Goldberg, who is familiar with the study, says, “About six weeks before the actual heart attack, women were more likely to experience shortness of breath, unexplained fatigue or stomach pain as an early warning sign that they might have a blocked artery.”

Rose was a prime candidate for a heart attack: a family history of heart disease, high blood pressure, high cholesterol and type 2 diabetes. Long before her heart attack, she had struggled with extreme fatigue.

“I felt like I was being rolled over by a steam engine-couldn’t make plans,” she says. Doctors put her on antidepressants. She also developed shortness of breath. “I was constantly gasping for breath.” But because of the depression diagnosis, “I thought this was an anxiety issue.”

“I did have symptoms of heart disease,” Rose says. “They just didn’t connect it and I didn’t connect it.”

If you get early warning signs, call your doctor and talk about the possibility of heart disease.

“That’s the time to come in for an evaluation,” says Goldberg.

On the day of a heart attack, these symptoms can strike without any provocation; for example, shortness of breath may come without physical activity. Symptoms can appear during rest or even awaken a woman from sleep, and they’re much worse, Goldberg says.

“They just come on and they’re severe. I had one patient describing that she was so short of breath that she could barely talk to the 911 operator.”

Women often worry about being embarrassed if they’re not having a heart attack after all, she says. But embarrassment will pass without causing long-term damage; a heart attack may not.

Calling for an ambulance is better than taking a taxi or having someone else drive you, Goldberg says. And unless you have absolutely no other option, you shouldn’t drive yourself. “You don’t want to pass out driving your car,” she says.

A big advantage to calling 911: emergency medical personnel can start treatment, such as oxygen, heart medication, and pain relievers, as soon as they arrive, says Mohamud Daya, MD, MS, an associate professor of emergency services at Oregon Health and Science University.

One more compelling reason to go by ambulance: “When you come into the emergency room with the [cardiac] monitor hooked up, you’re really taken seriously,” Goldberg says. “You look the part.”

Female Heart Attack Symptoms In the Emergency Room

When you reach the emergency room, describe your symptoms, but don’t offer your own conclusions, Goldberg says. “I wouldn’t go through this whole dissertation about how, ‘Oh, I thought it was a stomachache, I thought it was this.’ You should just tell the doctor how you feel. Don’t interpret it for them.”

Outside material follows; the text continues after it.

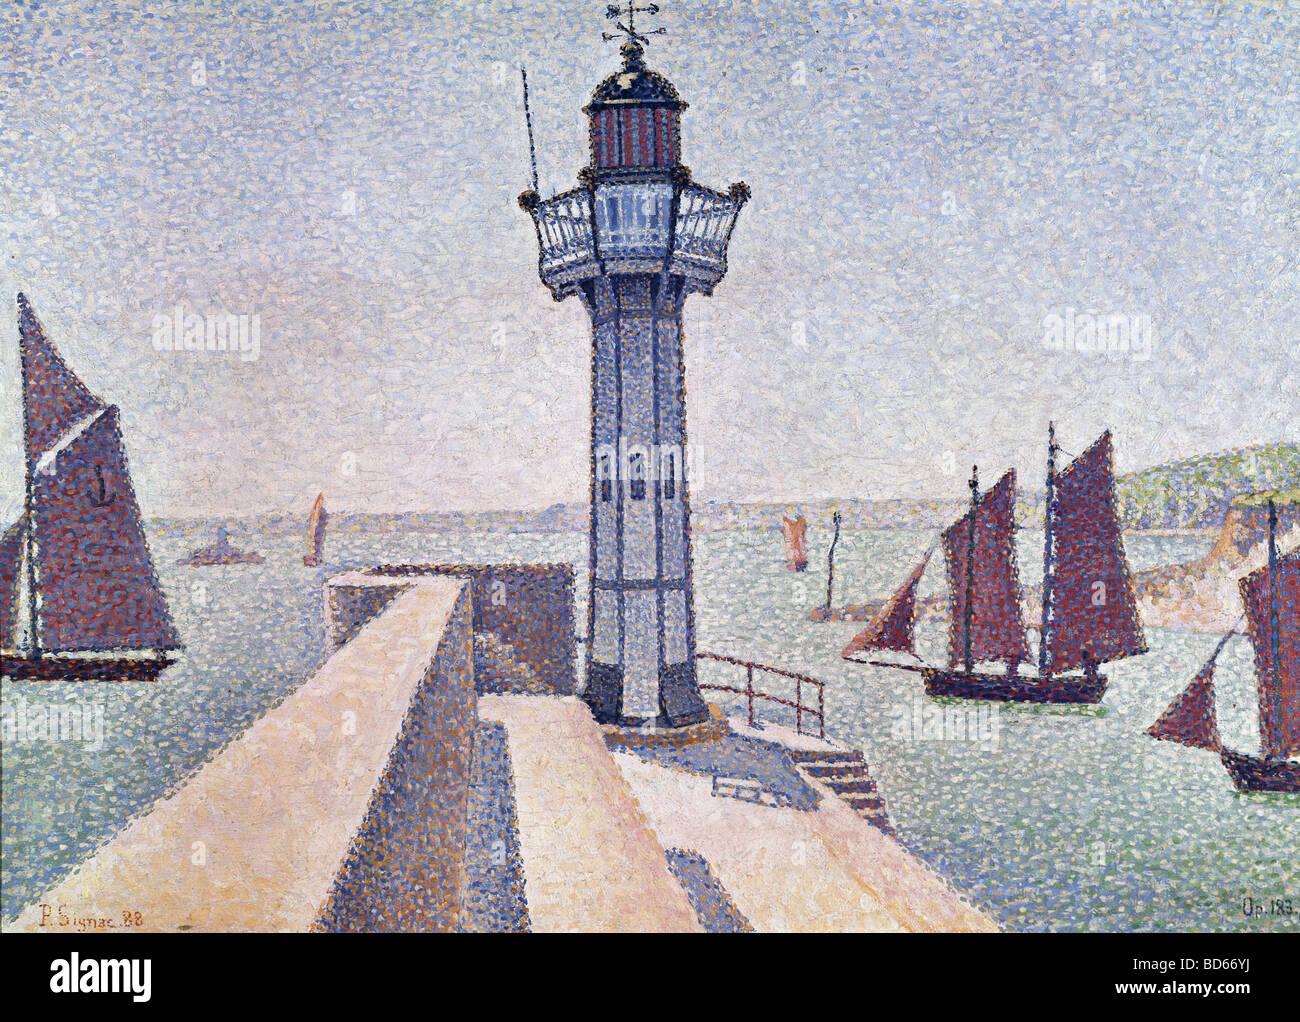 """Bildende Kunst, Signac, Paul, (1863-1935), Malerei, """"Portrieux, Le Phare"""", 1888, Rijksmuseum Kröller-Müller, Otterlo, Stockfoto"""

If it doesn’t occur to the emergency room doctor to check for heart attack, be bold. Goldberg tells women to say outright: “I think I’m having a heart attack.” Because many doctors still don’t recognize that women’s symptoms differ, they may mistake them for arthritis, pulled muscles, indigestion, gastrointestinal problems, or even anxiety and hypochondria.

In short, female heart attack symptoms may be missed-and dismissed. When one of Goldberg’s patients entered the emergency room with such symptoms, doctors gave her antacids. “She said, ‘Listen, I’m diabetic and women’s heart disease symptoms can be different, and unless you give me an EKG, I’m not leaving this place.’ And the next day, she had a bypass.”

Of course, stomach pain could prove to be nothing more than a bad case of gastrointestinal illness. “But what I tell all my patients is, ‘It’s best to check out your heart first because a potential heart attack is life-threatening,'” Goldberg says.

And if your fear of heart problems turns out to be unfounded, don’t sweat it, she adds. Doctors would much rather diagnose you with indigestion than a heart attack.